L’affaire a été appelée et entendue à l’audience du 1er octobre 2024.
A cette audience, Madame [D] [E] maintient son recours pour solliciter l’annulation de la pénalité financière.
Elle expose et fait valoir en substance que :
— Il ne s’agit pas d’une fraude de sa part mais simplement d’erreurs commises dans les déclarations des salaires de son conjoint,
— Sur certaines fiches de paie de son conjoint, les acomptes n’apparaissaient pas dans le salaire net perçu, ce qui l’a induit en erreur lorsqu’elle a fait à la place de son mari les déclarations trimestrielles conduisant à ce qu’elle déclare involontairement le salaire net sans ajouter l’acompte.
En réponse, la Caisse d’Allocations Familiales du Nord a déposé des écritures auxquelles il convient de se reporter pour le détail de ses demandes, moyens et prétentions soutenus oralement.
Elle demande au tribunal de
— Confirmer la pénalité administrative de 700 euros notifiée,
— Condamner Madame [D] [E] au paiement de la pénalité financière de 700 euros,
— Débouter Madame [D] [E] de son recours.
Elle fait valoir en substance que la fraude a été retenue au regard de deux précédents contrôles de ressources de 2021 et 2022 desquels Madame [D] [E] ne pouvait ignorer ses obligations déclaratives.
Elle souligne que la pénalité financière a été soldée par prélèvement.
MOTIFS DE LA DECISION
Sur la pénalité administrative financière
Madame [D] [E] est connue comme étant mariée avec 4 enfants à charge.
Le 7 juin 2019, Madame [D] [E] a formalisé auprès de la CAF une demande de revenu de solidarité active valant demande de prime d’activité qui nécessitait une déclaration trimestrielle de ressources perçues par l’ensemble des membres du foyer (conjoint et enfants si ces derniers ont une activité salariée).
Le 14 mars 2023, la CAF a informé Madame [D] [E] d’une enquête menée par agent assermenté.
Le rapport de contrôle diligenté par un agent assermenté de la CAF du 6 avril 2023 a conclu que Madame [D] [E] n’a pas déclaré :
— L’intégralité des revenus de son conjoint dans les déclarations trimestrielles depuis mars 2022 pour le calcul du RSA et de la prime d’activité,
— Les activités professionnelles et les revenus associés perçus par l’un de ses enfants du 8 au 19 août 2022, du 19 au 30 décembre 2022 et du 20 au 24 février 2023.

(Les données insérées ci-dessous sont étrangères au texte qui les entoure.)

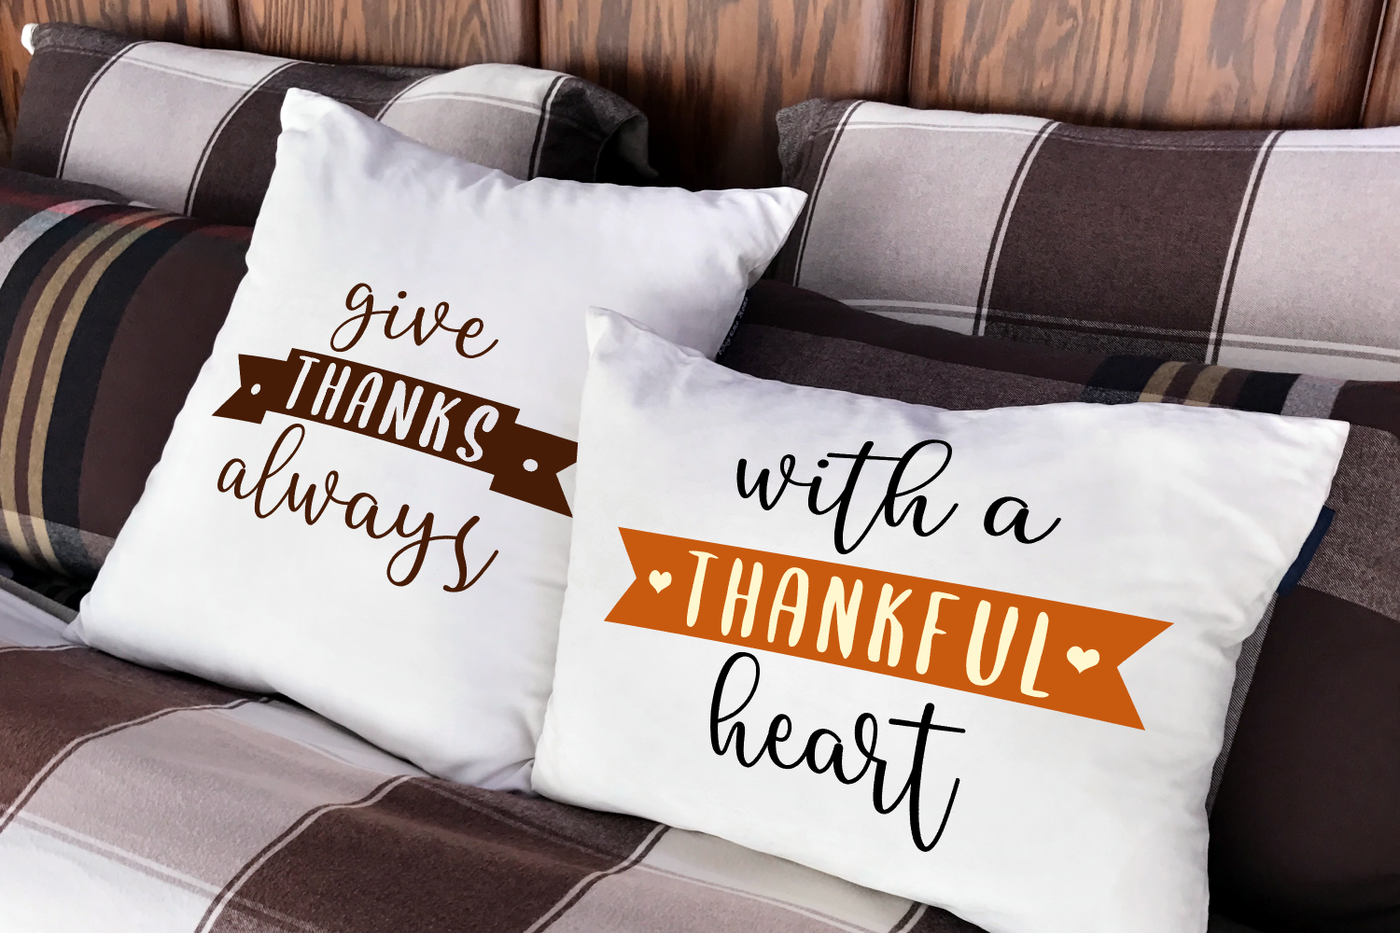 Two Thanksgiving designs. One says "give thanks always" and the other says "with a thankful heart"

A la suite, par courrier du 29 décembre 2023, la CAF du Nord a notifié à Madame [D] [E] divers indus :
— Un indu RSA de 177,30 euros pour la période de septembre à novembre 2022,
— Un indu prime d’activité de 1.620,21 euros pour la période de juin 2022 à février 2023,
— Un indu APL de 2.678 euros pour la période d’avril 2022 à décembre 2023.
Les indus n’ont pas fait l’objet de contestation.
Par courrier du 13 mars 2024, la CAF a informé Madame [D] [E] de l’engagement d’une procédure de pénalité financière en l’article L. 114-17-2 du code de la sécurité sociale.
Madame [D] [E] a fait valoir ses observations le 27 mars 2024.
Par courrier du 6 juin 2024, la CAF a notifié à Madame [D] [E] une pénalité financière de 700 euros pour fausses déclarations.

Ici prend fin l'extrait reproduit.